Now, this might seem like the logical trajectory for a food stuff that’s gone viral on TikTok. But what if I told you there’s more to the global pistachio craze than meets the eye? Their growth and subsequent heavy-handed marketing are both deeply political. And now, as the US wages war on Iran, the pistachio’s ostensibly benign presence in our lives takes on new meaning.

That’s because these two countries, now embroiled in a bitter military battle, are the biggest producers of pistachios worldwide. This little nut is the most valuable non-oil earner for Iran, but over four decades, the US has fought to come out on top. Thanks to antidumping duty on Iranian pistachios, California – which produces 99% of US pistachios – has been able to acquire international markets from Iran, including China.

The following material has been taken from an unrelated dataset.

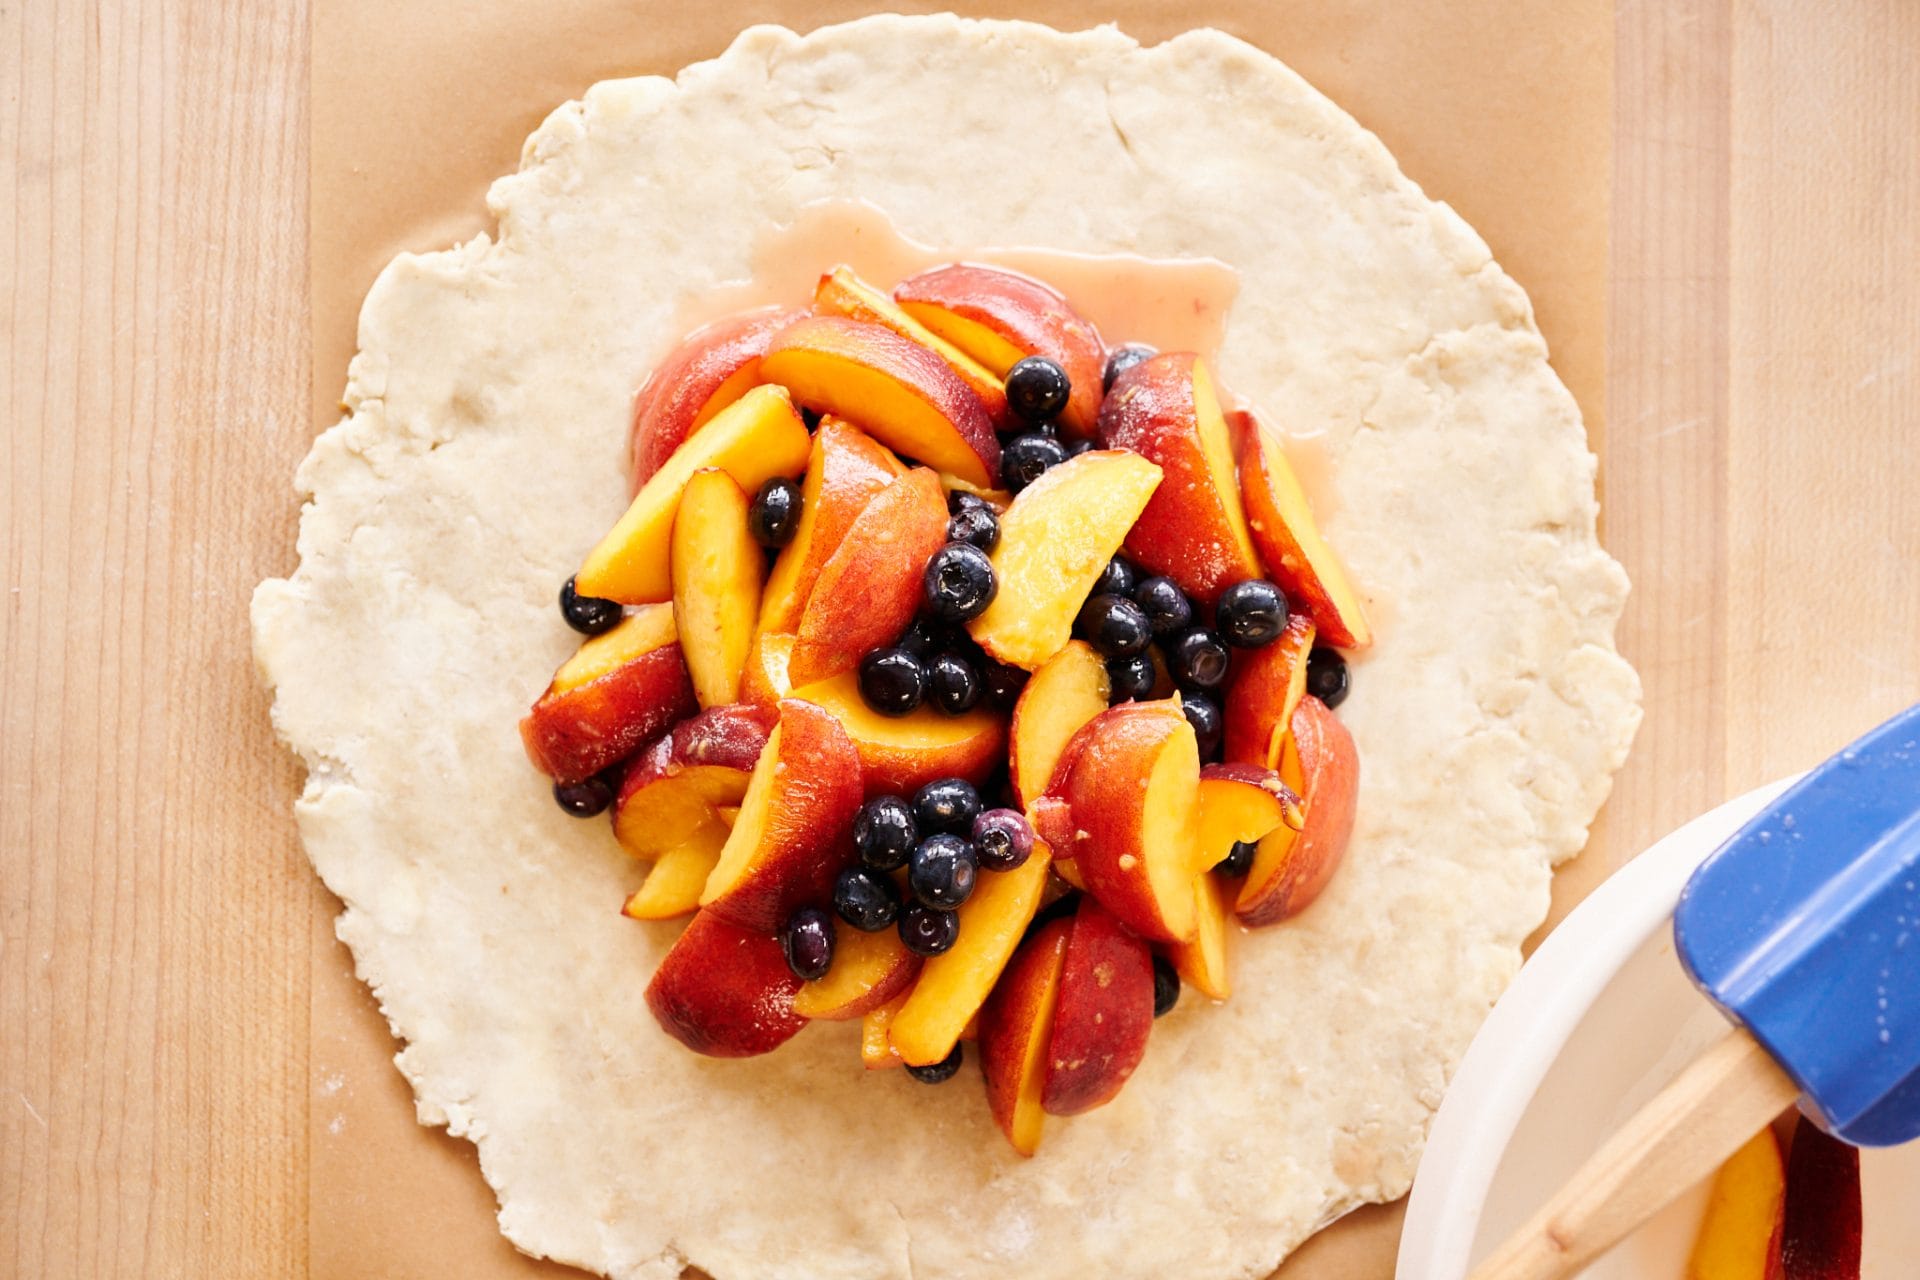 Sourdough pie crust filled with peaches and blueberries.

The global pistachio industry was a multi-billion dollar industry long before Dubai chocolate came on the scene. Ever since the Iranian revolution of 1979, Iran’s growers have faced pressures from sanctions, tariffs and restrictions on their ability to access international financial tools for the production and trade of pistachios.

It’s an industry that dates back thousands of years in Iran, yet only began in the 1930s in the US, where Persian seeds were used to plant and harvest the nut. Now, the US has achieved market dominance, producing 65% of global output as of 2023-2024. That’s despite the fact pistachio orchards are water-intensive, and have contributed to agricultural water demand pressures in California.

So it’s no surprise that pistachios are everywhere – in our drinks, on our toast, and bulking up our desserts. The US has achieved global supremacy in the pistachio industry, and now it’s hell-bent on ensuring we buy them.

Pistachios are a harbinger for how trade pressure reshapes revenue streams inside sanctioned economies. The nut has become a powerful tool for the US, weaponised against Iran and its regime, suffocating the nation’s capacity for production.

By extension, Dubai chocolate has spotlighted how a humble snack can become something different in the face of digital trends, reshaping markets and even intersection with geopolitical rivalries.

Following the US war with Iran, the pistachio trade battle has been addressed with renewed scrutiny. One social media user questioned whether the popularity of desserts like Dubai chocolate were a direct result of the US’ market domination, sharing their thoughts in a now viral post on Instagram.

‘Ergo all the fancy pistachio coffees at Starbucks’ they wrote, ‘and suddenly being able to find pistachio butter in grocery stores when five years ago it was exclusively available at speciality stores and online, and the huge boom in pistachio foods in Instagram and TikTok recipe content.’

‘These get thrown onto everyone’s feeds, to promote the purchasing of pistachios, so that the US can stick it to Iran. It’s kind of incredible to watch.’

Whether this is explicitly true? We can’t know for sure. But it certainly raises a brow that between 2024-2025, US retail sales of pistachio-filled chocolate totalled $822,900 according to market research company NielsenIQ.

The reality is that global food markets are rarely innocent. Food has always, and will always be, political – from sugar to tea. Entire wars have hinged on the production and trade of food stuff. Pistachios are particularly interesting because of their position in the digital market.

Behind the pastel aesthetics and viral recipes sits a reminder that even the most ordinary ingredients can become unlikely players in the theatre of global power.